SINGAPORE -- On the eve of a historic meeting between President Donald Trump and North Korean leader Kim Jong Un, Secretary of State Mike Pompeo dangled new security concessions while publicly downplaying expectations that the nuclear summit will lead to anything beyond future talks.
As senior U.S. and North Korean negotiators huddled all day in working-level talks, Pompeo highlighted the extraordinary nature of the rushed Singapore summit, which brings a mercurial U.S. president and an erratic North Korean dictator face to face for the first time to haggle over the apocalyptic threat of nuclear war.
"There are only two people that can make decisions of this magnitude, and those two people are going to be sitting in a room together tomorrow," Pompeo told reporters here Monday.
Several hours later, Kim made clear he was tired of waiting, so the normally secretive autocrat found an unexpected way to soften his image and make fresh headlines: He went sightseeing for an hour.
Kim's motorcade left his heavily fortified luxury hotel shortly after 9 p.m. and headed to some of the busiest tourist destinations in downtown Singapore, including the rooftop of the Marina Bay Sands hotel and the Jubilee Bridge.
Surrounded by his entourage, a throng of bodyguards and Singapore government officials, Kim took in the sights and basked in camera flashes, greeted by a curious and buzzy crowd everywhere he went.
He even posed, smiling, for a selfie snapped by Singapore's foreign minister, Vivian Balakrishnan.

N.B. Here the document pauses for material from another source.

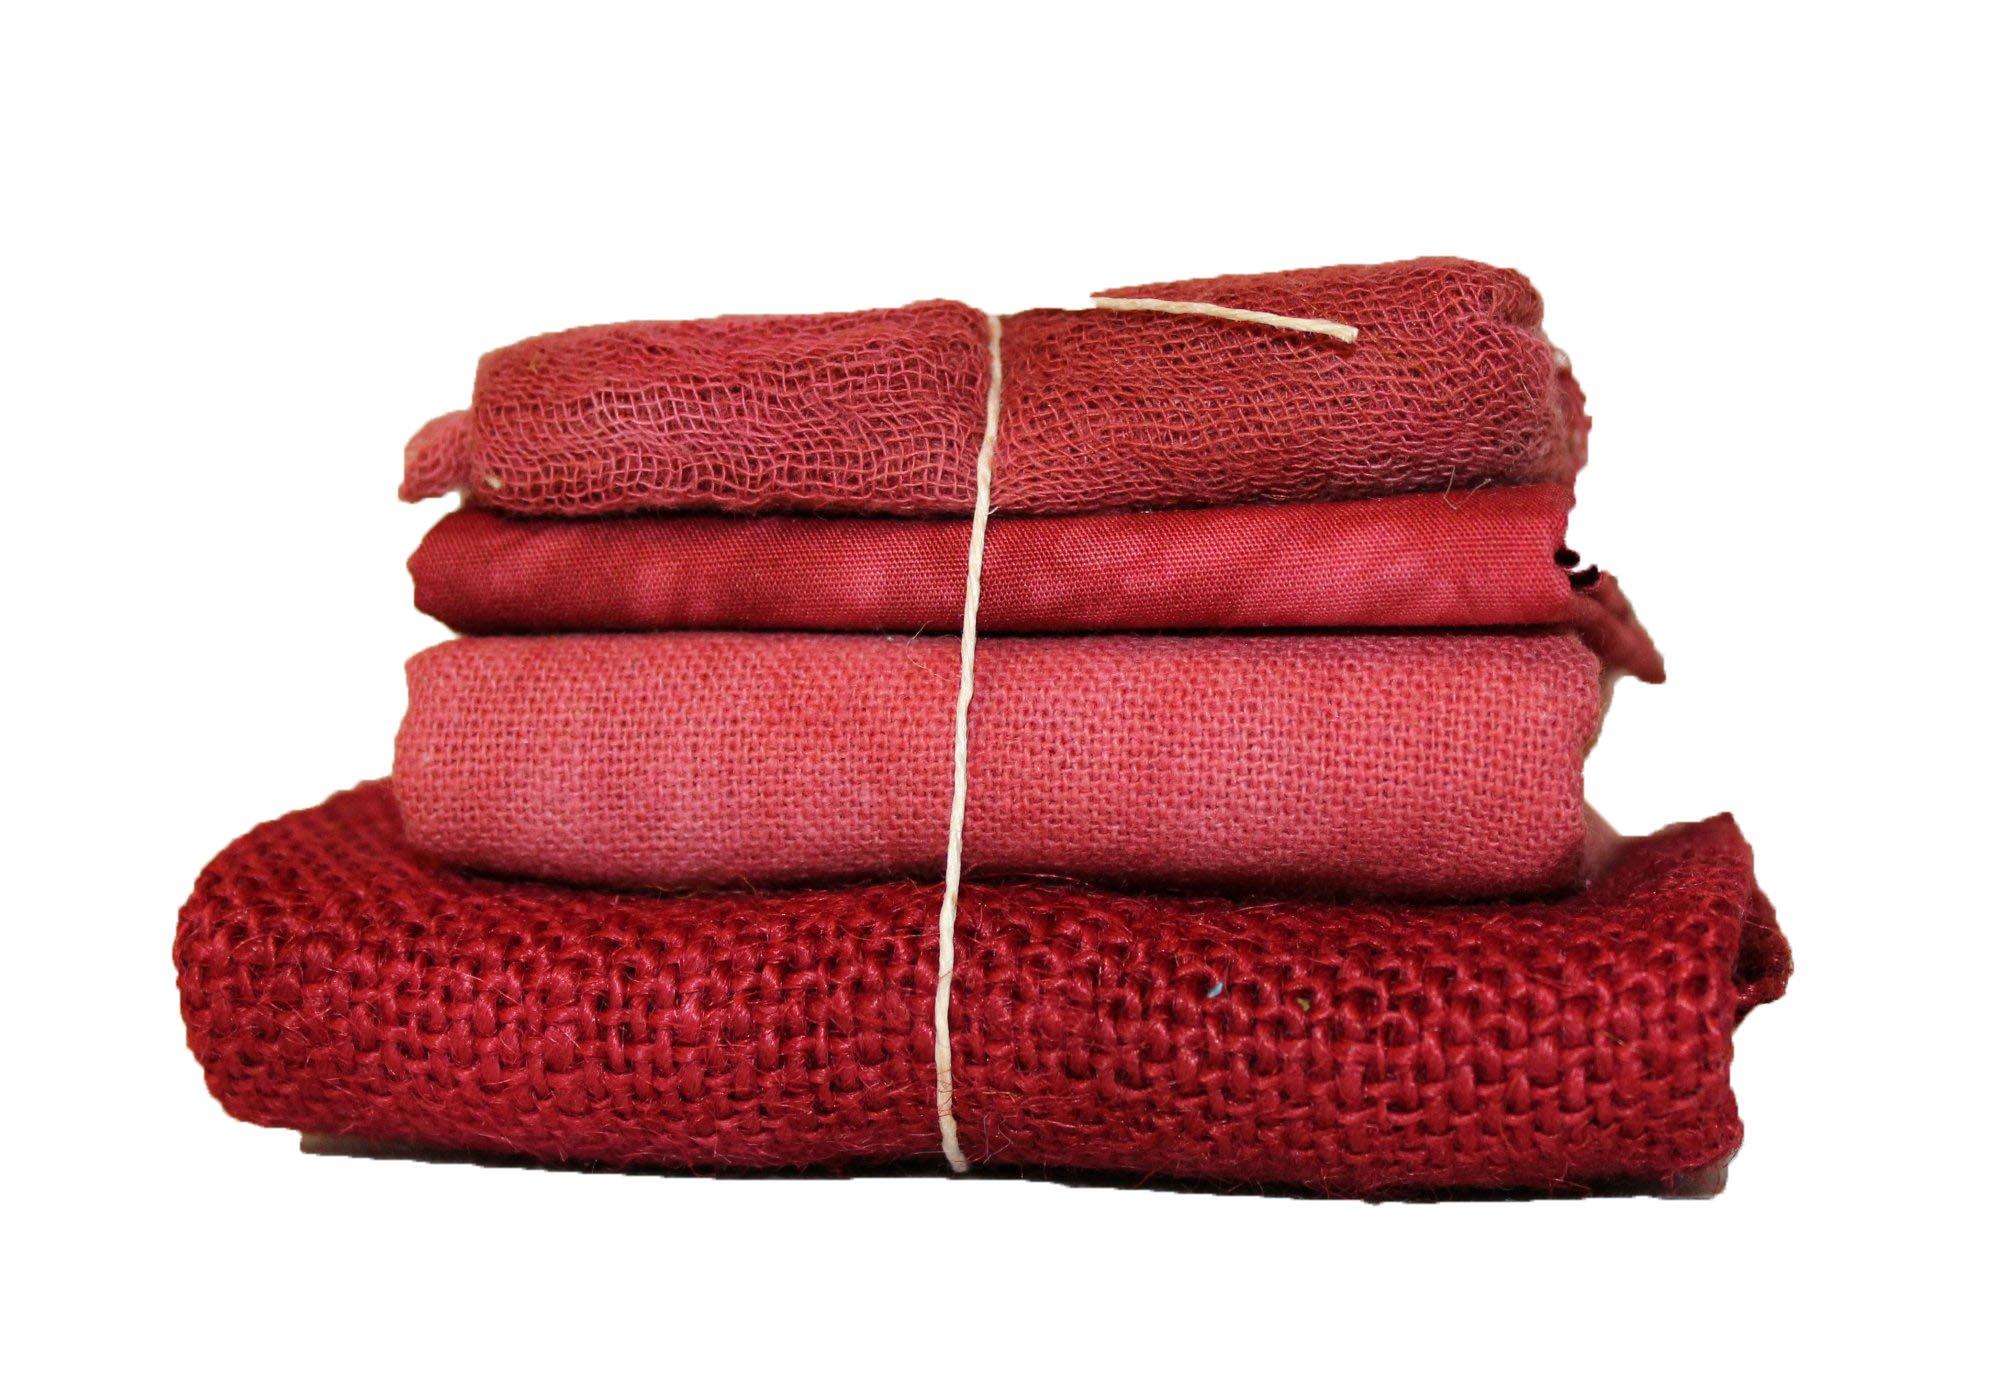 Tuscan Bindle - Cheesecloth, Cotton, Osnaburg, & Burlap

It was a scene unthinkable in the history of his reclusive nation, where for seven decades, his father and grandfather were only seen in staid, staged images issued by state media.
Trump spent a quiet evening largely out of sight.
The White House said the preliminary talks "have moved more quickly than expected" and that the summit, which will include a working lunch, would wrap up in one day. It said Trump will leave Singapore on Tuesday night rather than staying until Wednesday as originally planned.